Viewership and ratings per episode of Extracted
| No. | Title | Air date | Rating/share (18–49) | Viewers (millions) | DVR (18–49) | DVR viewers (millions) | Total (18–49) | Total viewers (millions) | Ref. |
|---|---|---|---|---|---|---|---|---|---|
| 1 | "Survive the Night" | February 10, 2025 | 0.4/5 | 1.91 | 0.1 | 0.46 | 0.5 | 2.37 |  |
| 2 | "Gimme Shelter" | February 17, 2025 | 0.2/3 | 1.46 | 0.1 | 0.44 | 0.3 | 1.90 |  |
| 3 | "The Hunt" | February 24, 2025 | 0.3/4 | 1.67 | 0.1 | 0.42 | 0.4 | 2.09 |  |
| 4 | "Surviving the Storm" | March 3, 2025 | 0.2/3 | 1.68 | 0.1 | 0.48 | 0.3 | 2.16 |  |
| 5 | "Burn Before Reading" | March 10, 2025 | 0.2/3 | 1.46 | 0.1 | 0.46 | 0.3 | 1.91 |  |
| 6 | "The Game Has Changed" | March 24, 2025 | 0.2/3 | 1.40 | 0.1 | 0.51 | 0.3 | 1.91 |  |
| 7 | "Family vs.
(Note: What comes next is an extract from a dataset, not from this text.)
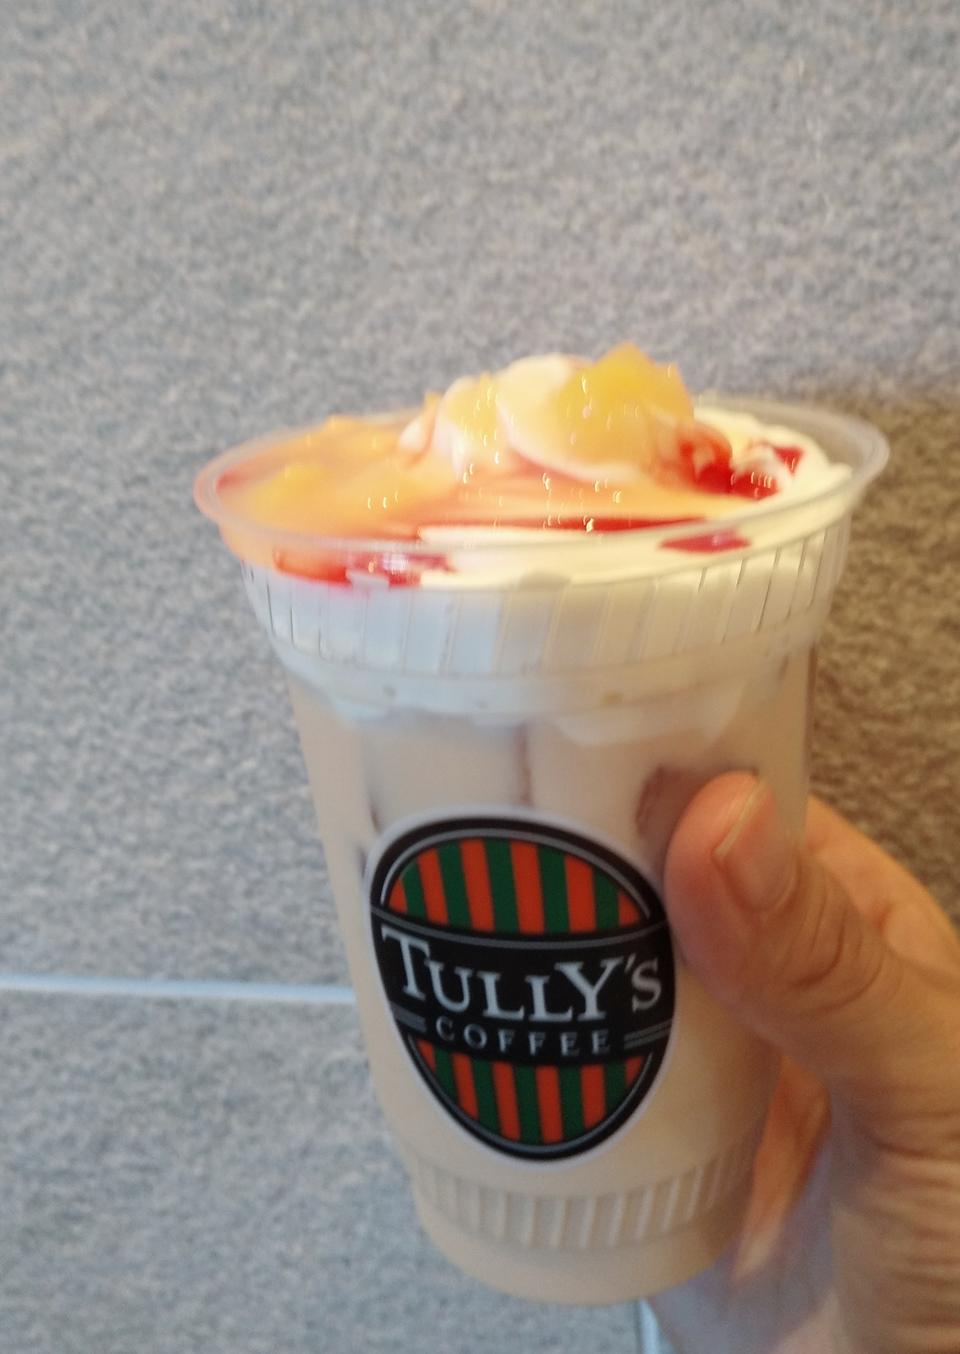 【11/13open】南町田グランベリーパークのTULLY'S COFFEEへ一足先におじゃましました【東京ママパーティー】TULLY'S COFFEEのホリデーシーズンのメニューを堪能!_10

Family" | March 31, 2025 | 0.2/3 | 1.53 | TBD | TBD | TBD | TBD |  |
| 8 | "Mystery Box" | April 7, 2025 | 0.2/3 | 1.37 | TBD | TBD | TBD | TBD |  |
| 9 | "Banished" | April 14, 2025 | 0.2/3 | 1.22 | TBD | TBD | TBD | TBD |  |
| 10 | "The Final Drop" | April 21, 2025 | 0.2/3 | 1.44 | TBD | TBD | TBD | TBD |  |

==Production==
The series pickup was announced on May 13, 2024, at Fox's upfronts, with its premiere date of February 10, 2025, divulged on December 2. The competitors and teams were revealed the next month on January 14, 2025.

On May 10, 2025, Fox renewed the show for a second season, which premiered on January 26, 2026. The competitors and teams were revealed on December 16, 2025.